Psst! This isn’t really a ‘book review’. I write whatever comes into my mind whenever I think about a book I’ve recently finished reading. Cheers!


I love trains. Dad and I have the same passion for trains. He probably loves them a little more than I do.

As a kid, my father always made sure that we travelled by train when the journey could have been a lot more shorter and less tiring with a plane. And, I’m grateful for that.

Thanks dad!

There are so many stories of my own from all the train journeys I’ve had so far. Thinking about them brings a smile to my face.

However, it also pains me to think about all the people with whom I struck a strong cordial relationship during the journey. It makes me wonder if they remember me at all, or look back at those times just as I’m doing right now. That little girl who’s now grown into a beautiful young woman, does she remember having a silly childish fight with me over a comic? That young man who told me all the stories his creative mind could conjure to put a restless 7 year old kid to rest, does he remember how my small head rested on his lap while listening to him intently and marvelling at the ingenuity of his story’s hero open-mouthed? And, when the train halted in the middle of nowhere with wilderness everywhere, does he remember how I made an attempt to push the train forward while thrusting my little palms onto his seat’s headrest and he laughed, my dad laughed, my mom chuckled, and they all coaxed me into trying harder? Once the train started moving idly, does he remember how I jumped back into the seat, put my head on his lap and went back to staring at the window, at the beauty of the vast fields stretching out, inviting me to run toward them and into the unknown? The old man and woman who were headed to another city to meet their son, do they remember me singing them rather raucous songs? Yet they bore with it, told me I was talented for my age, filled my ears with the kind of appraisals that people usually do with a child and make them believe they are unique, smart, beyond their age, even if it’s not the same.

The bridge so thin that it made me feel like I’d topple over. The thick big trees hiding a world behind them from a child’s predatory eyes for an adventure. The farms and the huts. People looking right back at me from the other end as I rode past them. The train station filled with the aroma of fast food. The time dad and I almost missed the train because I couldn’t decide on which packet of crisps I wanted, but luckily we were quick enough to get on-board, and I’m glad there was a man to pick the tiny me up. My mother and I switching our seats so that I could feel the train dragging me back rather than pushing me forward. I’d do it over and over with her, it felt like a game, and my mother was never once annoyed with this game.

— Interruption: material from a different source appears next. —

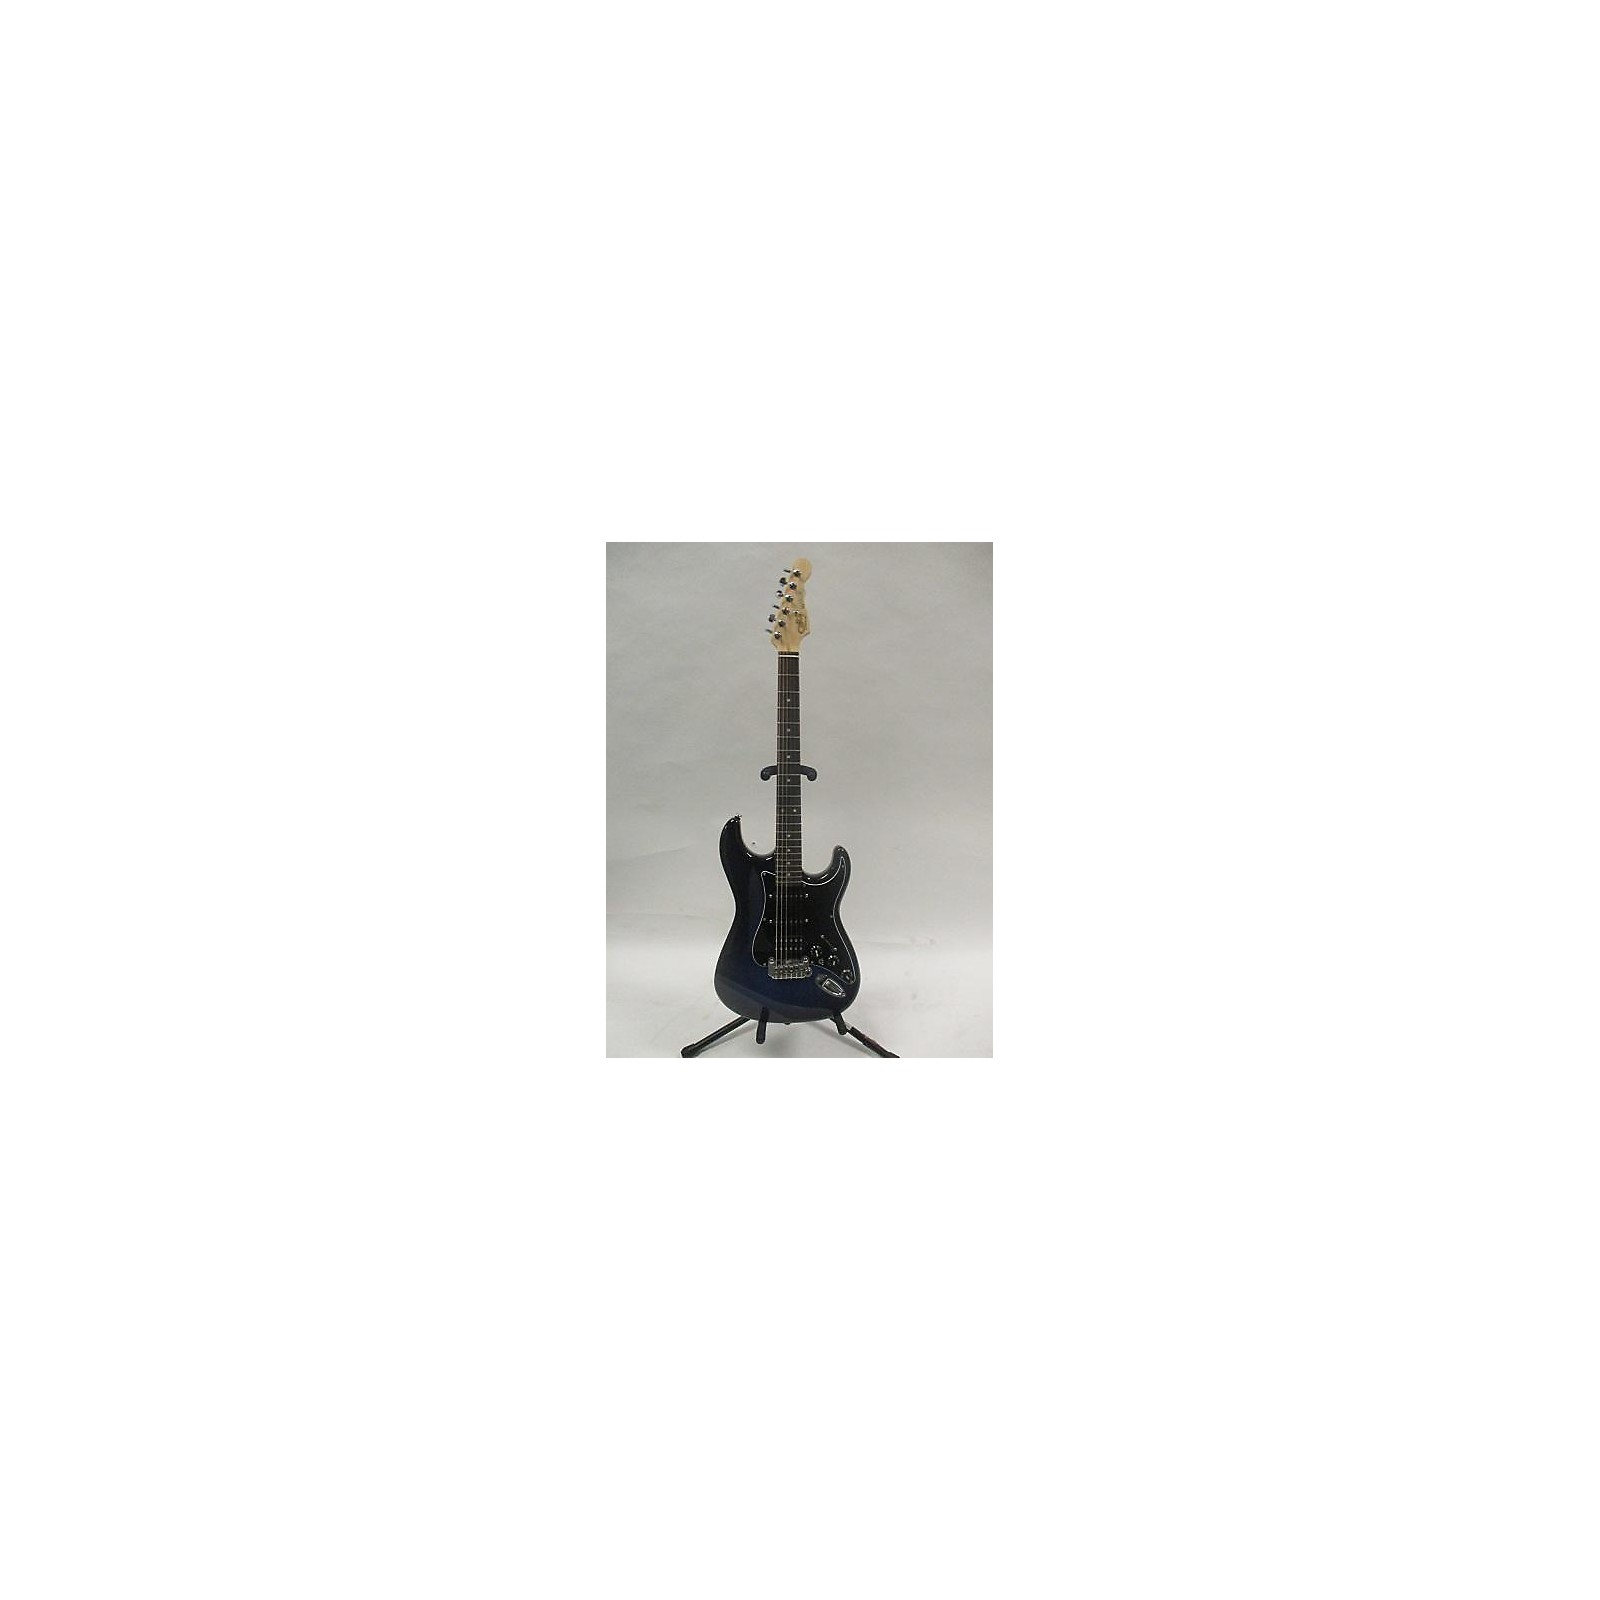 G&L Legacy HSS Solid Body Electric Guitar

The people and the uncharted places, places that could never make it to the map but somehow managed to leave a mark in my mind’s map. Green. Lush. Brown. Barren. Blue. Dark. Mysterious.

I picked this book up from the rack not for its promising summary, but the five words in white on the cover, ‘The Girl On The Train‘. It sounds silly, ridiculous even, to go for a book without having a look at what the story might be on . I wanted it. I had to make it mine. I was once a girl on a train, and she wanted to hear her side of the story, to be there right beside her, revelling the train rides once more, the train rides I’ve been deprived of for a long time now.

She isn’t disappointed.

For once, I could see the story unfold as if I were an outsider which made it all the more stimulating. I wasn’t Rachel and Rachel wasn’t me. Rachel fantasised about Jess and Jason; I imagined all the possible things Rachel was leading me into.

I am inclined to think that I’m the female protagonist whenever I read a book. I still don’t know why, but I’m speculating it’s because I want to feel whatever she feels, it’s because I want to feel the same zest and the downfall as she does, it’s because I want to feel perfect or get everything perfectly right for once. But, this one time, I didn’t. I didn’t and I already feel like I accomplished something just as Rachel did in the end.

It sounds crazy. That’s one of the things me and Rachel have in common, we sound crazy.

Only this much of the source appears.